Venezuela Analysis reported that organized workers at Venezuela's state owned steel plant Sidor have spoken out against the Venezuelan government's decision to dismiss the factory's president Mr Carlos D'Oliveira.
Groups of Sidor workers have rallied against the decision to remove Mr D'Oliveira and criticized the government for not having notified the plant's workers' of the decision to dismiss the worker president.
In a statement released by the 35 workers' control working groups at the factory, workers demanded a clarification of the reasons for Mr D'Oliveira's dismissal from the Chavez government.
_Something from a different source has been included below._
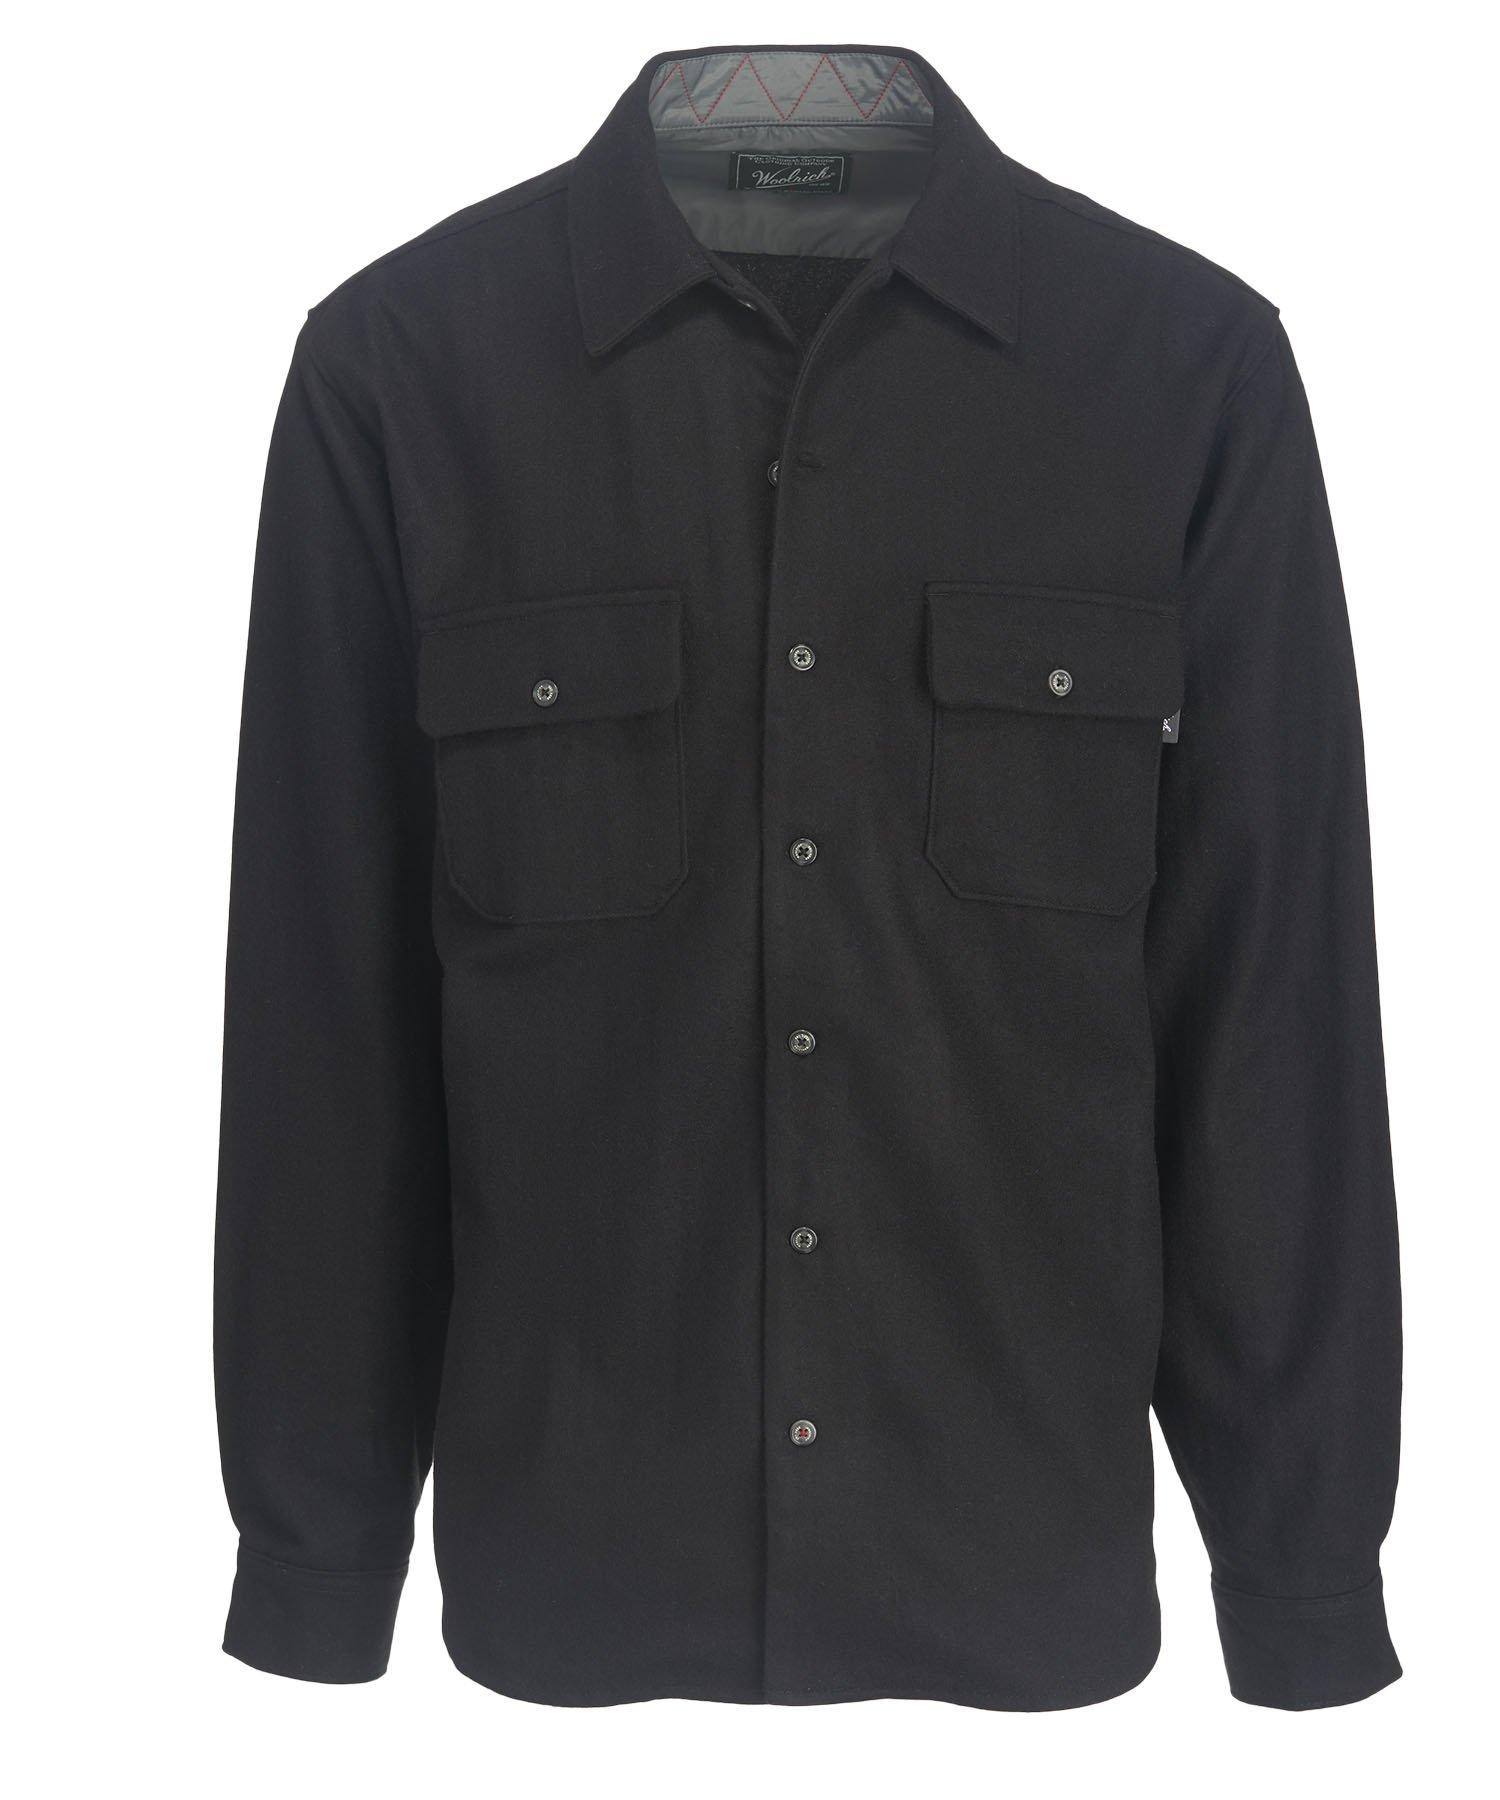 Woolrich Men's Bering Wool Plaid Shirt, Solid Black, Large

The statement said that "Worker control is not just decoration, the workers are conscious of their role and we are convinced that the worker control model is the correct path for the management of our factories, and in line with democratic participation and protagonism, we need to be consulted in such a transcendental decision."
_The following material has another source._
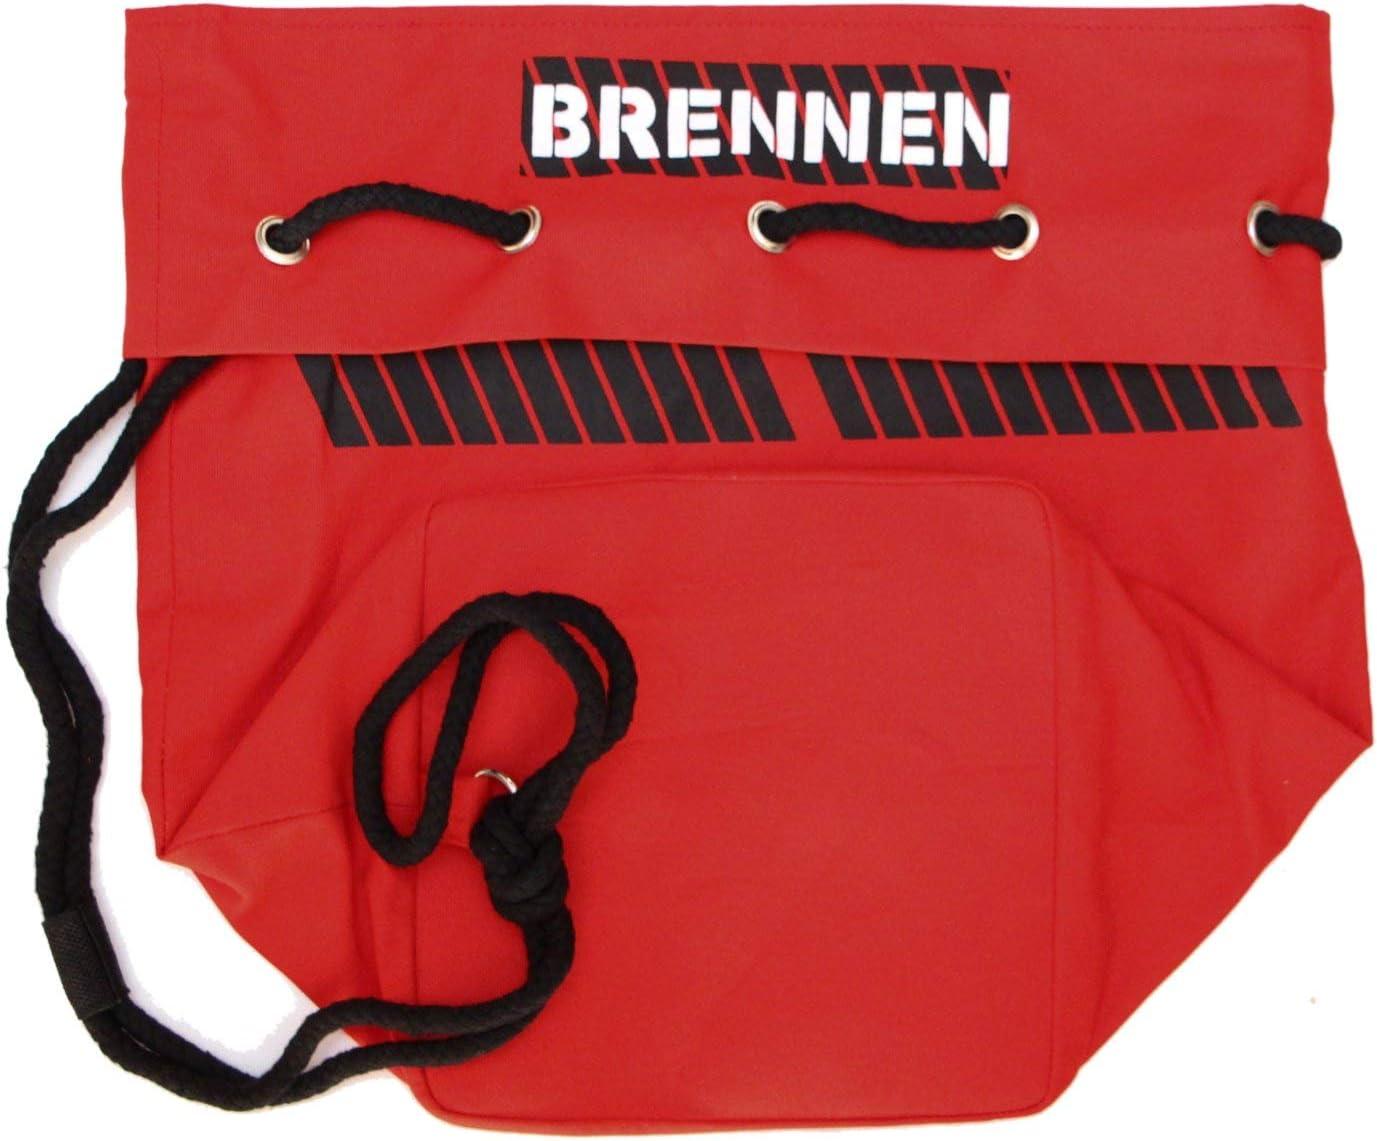 JASON BOURNE Red Burn Bank BAG by Magnoli Clothiers

Mr D'Oliveira, a member of the Revolutionary Steel Worker's Front, was nominated as company president by the plant's workers in 2010 as part of a plan to implement worker control in the factory. He was responsible for pushing forward the Plan Socialist Guayana, a government backed initiative aimed at implementing a worker control management model in the state owned industries in Guayana, in eastern Venezuela.
Mr D'Oliveira's dismissal comes six months after fellow worker president Mr Elio Sayago, was unilaterally removed from his post in state owned aluminium factory Alcasa.